New study led by Jennifer Tjia to focus on training health care providers to recognize, overcome implicit bias

  Jennifer Tjia, MD
 

Jennifer Tjia, MD

In partnership with the Worcester community, researchers at UMass Medical School are launching an intervention to reduce health disparities in hypertension control among minority and lower socioeconomic status patients by training health care providers to be more conscious of their own implicit biases while treating them.

“Accumulating evidence shows that well-meaning providers can harbor implicit biases that affect patient interactions, clinical decision-making, and health outcomes,” said Jennifer Tjia, MD, MSCE, associate professor of quantitative health sciences, and principal investigator of Community-engaged Simulation Training for Blood Pressure Control (CONSULT-BP), which will focus on medical residents and nurse practitioner students. “Implicit bias is the attitude or emotion that occurs when individuals unconsciously and without personal awareness classify others as a member of a group and apply stereotypes.”
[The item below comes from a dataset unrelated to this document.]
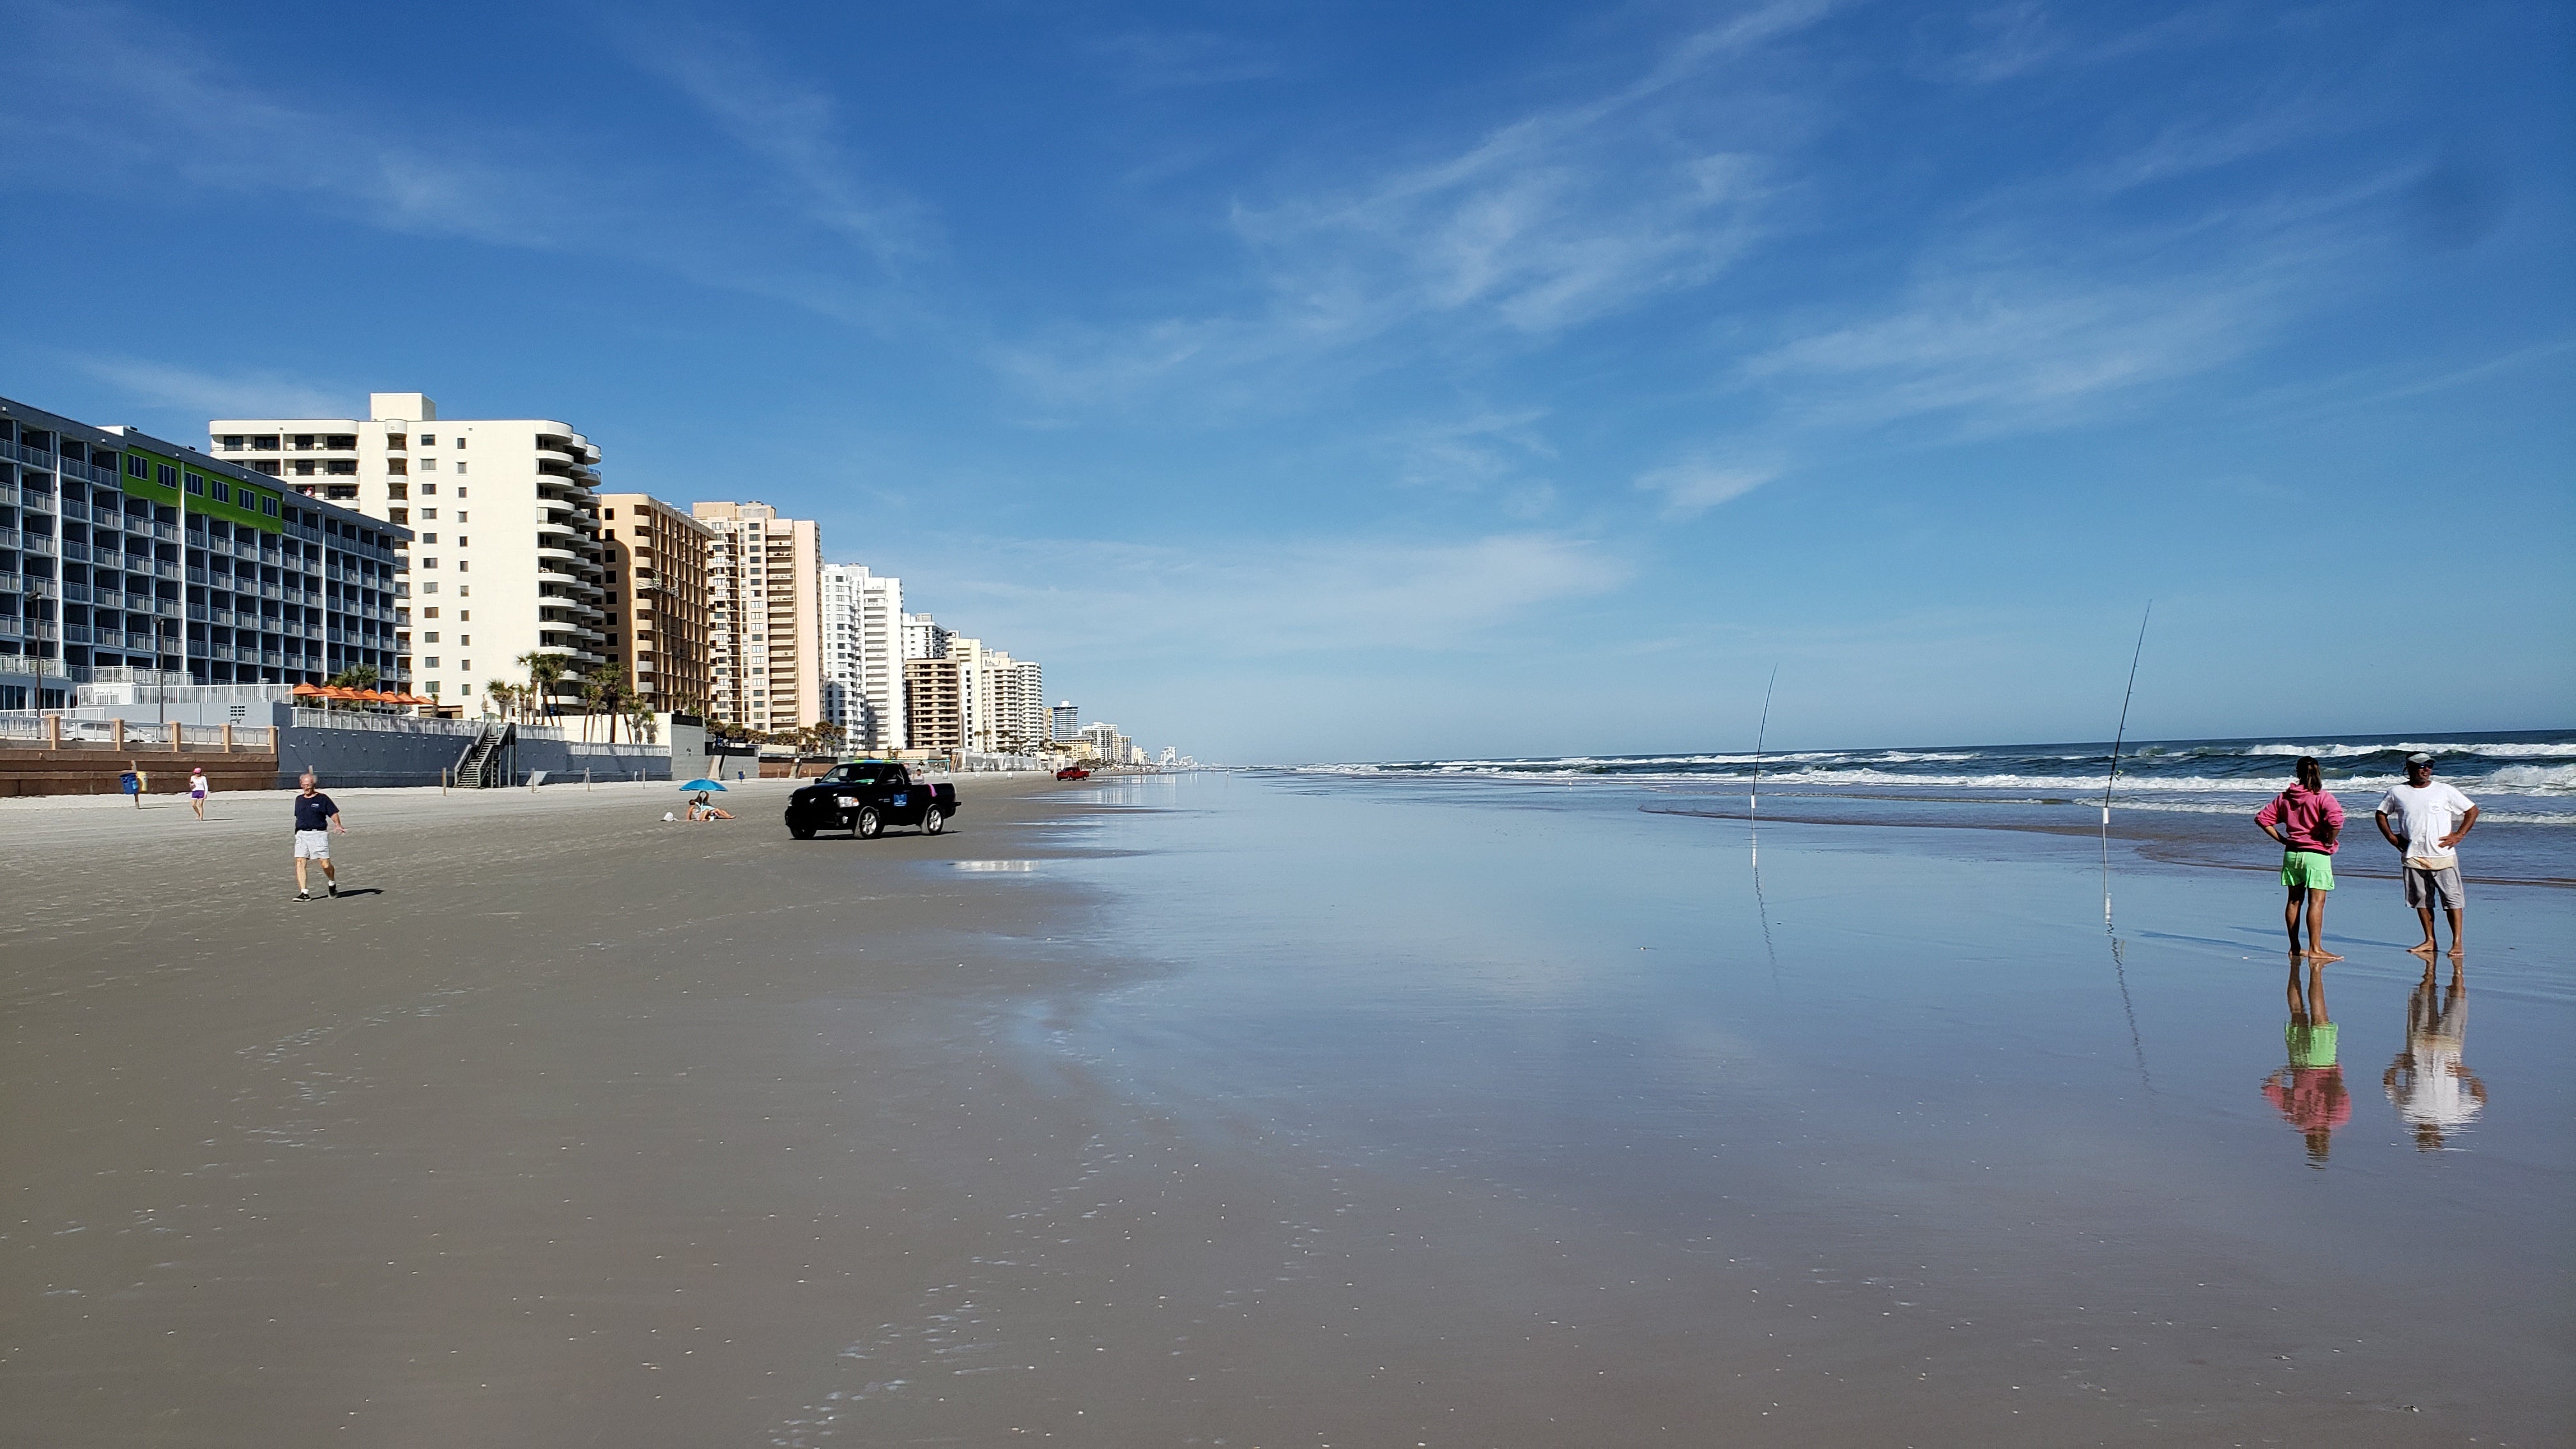 Daytona Beach is the main city in Florida’s ‘Fun Coast’ region

Funded by a $3.8 million, 5-year grant from the National Institute of Minority Health and Health Disparities (NIMHD), the CONSULT-BP program will adapt and test a theory-based, awareness, exposure and skill-building intervention, applied in the safety of a simulation-based learning center, to improve providers’ interaction skills with patients from minority  groups and lower socioeconomic status. The trainees will come from the Graduate School of Nursing and the internal medicine and family medicine residencies. Intervention partners include the interprofessional Center for Experiential Learning and Simulation (iCELS), the Center for Health Impact (formerly Central Mass AHEC), the University of Washington and Project Implicit.

Dr. Tjia said community advisors will be hired to help design the training curriculum. The study team will use online self-assessments of implicit bias to raise clinicians’ bias self-awareness and to examine the effect of bias on knowledge and skill development. Community members will be hired to act as standardized patients to conduct face-to-face, simulated clinical encounters with medical residents and nurse practitioner students. The educational intervention is a program of two, 90-minute sessions, spaced 5 weeks apart that combine online learning with in-person skill and simulation practice.

To understand how much training is required to improve clinical skills and patient outcomes, researchers will assess the effect of CONSULT-BP by conducting two, sequential, randomized trials. The first will evaluate the effectiveness of one-time CONSULT training on outcomes, while the second will evaluate the effect of repeat, booster training on outcomes. The primary outcome for both trials will be patient blood pressure control. In all, more than 200 health care health care providers will undergo the training.

“The CONSULT-BP model of community-engaged medical education is important because it brings the community’s voice into the process of training the clinicians who will ultimately serve them. This has the potential to affect clinicians early in their training, which can potentially magnify clinical outcome effects to the lifespan of their health care delivery career.